OSGi bundles and proxy identity - allow more than once service proxy to utilise a specific bundle version?

[pfirmstone]

Describe the bug
Currently ProxyBundleProvider doesn't allow more than one services to use a specific proxy bundle version, currently this represents a major restriction placed on the use of OSGi services.

The reason this occurs is a mismatch between OSGi bundle loading and service proxy identity.

There is a many to one relationship between proxy identity and bundles. OSGi doesn't allow loading duplicate bundles.

Options and thoughts on how to handle this, all suggestions are welcome:

1. Allow different services to share the same classes, consequences; loss of service proxy identity, unwanted permissions granted to less trusted services.
2. Encapsulate the service proxy with another proxy, unfortunately this wont work with RemoteMethodControl, which would return a new instance.
3. Create a shim InvocationHandler, who's class is loaded directly by BundleDelegatingClassLoader, so that whenever remote method calls are made, the permissions granted are granted to this particular ClassLoader and ProtectionDomain. Then only one bundle would need to be loaded, but the presence of the InvocationHandler on the call stack would reduce permission to the intersection of the sets of permissions on the call stack. We would need to make BundleDelegatingClassLoader override preferred ClassLoader and prefer the class of the InvocationHandler. It would be best if the InvocationHander is in its own package, in the JERI bundle. During marshalling this InvocationHandler would need to replace itself with the encapsulated InvocationHandler, however that may create problems with equality, with the CodebaseAccessor InvocationHandler. Since we know the InvocationHandler will be an instance of AtoimcInvocationHandler, we can extend it instead, with a stateless child class that only has an @AtomicSerial constructor and replaces itself with the superclass when serialized. This class wouldn't be exported from the package, and CodeSource could be used to find the URL of the bundle.

[pfirmstone]

Item 3.

I think it would be easiest to use preferred class loading to load AtoimcInvocationHandler into the BundleDelegatingClassLoader. However this presents a problem with BasicJeriTrustVerifier.

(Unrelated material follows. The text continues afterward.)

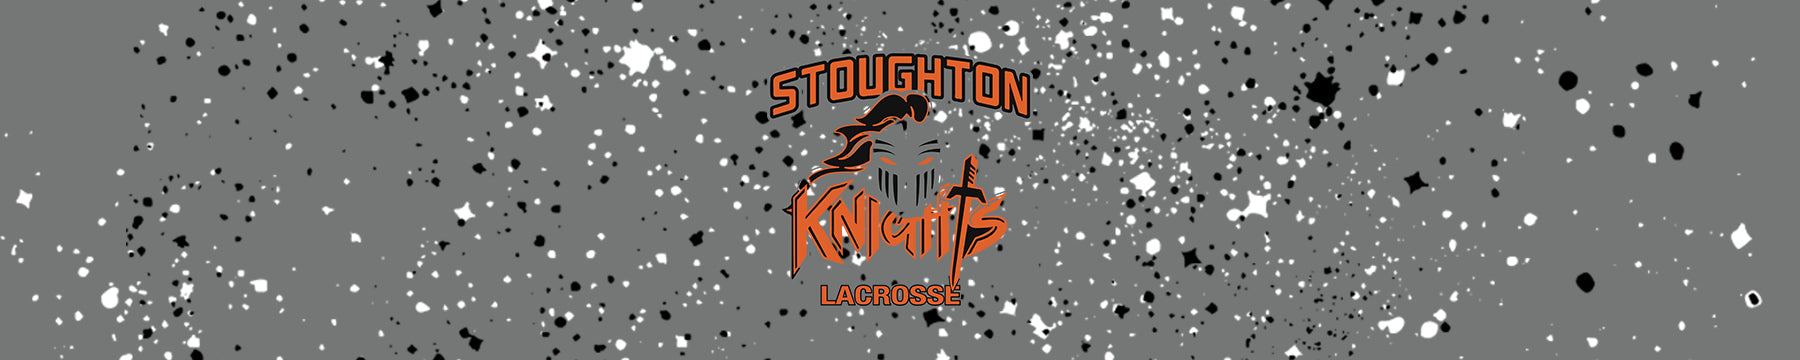 Stoughton Lacrosse

Perhaps we should inject a token into AtomicInvocationHandler instead, that is loaded by the BundleDelegationClassLoader, to ensure that a ProtectionDomain representing the service is present on the call stack, then we need to invoke a method on the token every time that InvocationHandler::invoke is called. This could of course be in-lined as a no-op, this needs further investigation.

The problem with the token approach is that permissions are granted by the client during proxy preparation to the ClassLoader of the smart proxy. The BundleDelegatingClassLoader, although the ClassLoader of the Endpoint, is not the actual ClassLoader used to load Bundle classes. Further complicating the situation, any dependencies that are resolved for the proxy, may not have required permissions.

Should we consider allowing smart proxies to share Bundles?

What are the consequences?

[pfirmstone]

Example: different lookup services would share static fields:

https://github.com/pfirmstone/JGDMS/blob/trunk/JGDMS/services/reggie/reggie-dl/src/main/java/org/apache/river/reggie/proxy/ClassMapper.java

[pfirmstone]

Is this an option?

• Load the proxy bundle, this resolves all OSGi dependencies.
• Load the bundle again into a PreferredClassLoader, which has the bundle BundleDelegationClassLoader as its parent.
• Each proxy and all its classes with unique identity are then loaded by a unique ClassLoader, with the bundle as its parent to resolve all dependencies.
• No classes in the bundle are used by proxy code.
• No classes in the proxy are exported into the OSGi environment. All interactions are by commonly resolved service api classes and classes visible from the bundle.

In an answer no, while it would work, it's a hack.

[pfirmstone]

Investigate OSGi subsystems or OSGi Framework Bundle Collision Hook Service.

My current thinking is we need to consider Apache Aries OSGi subsystems.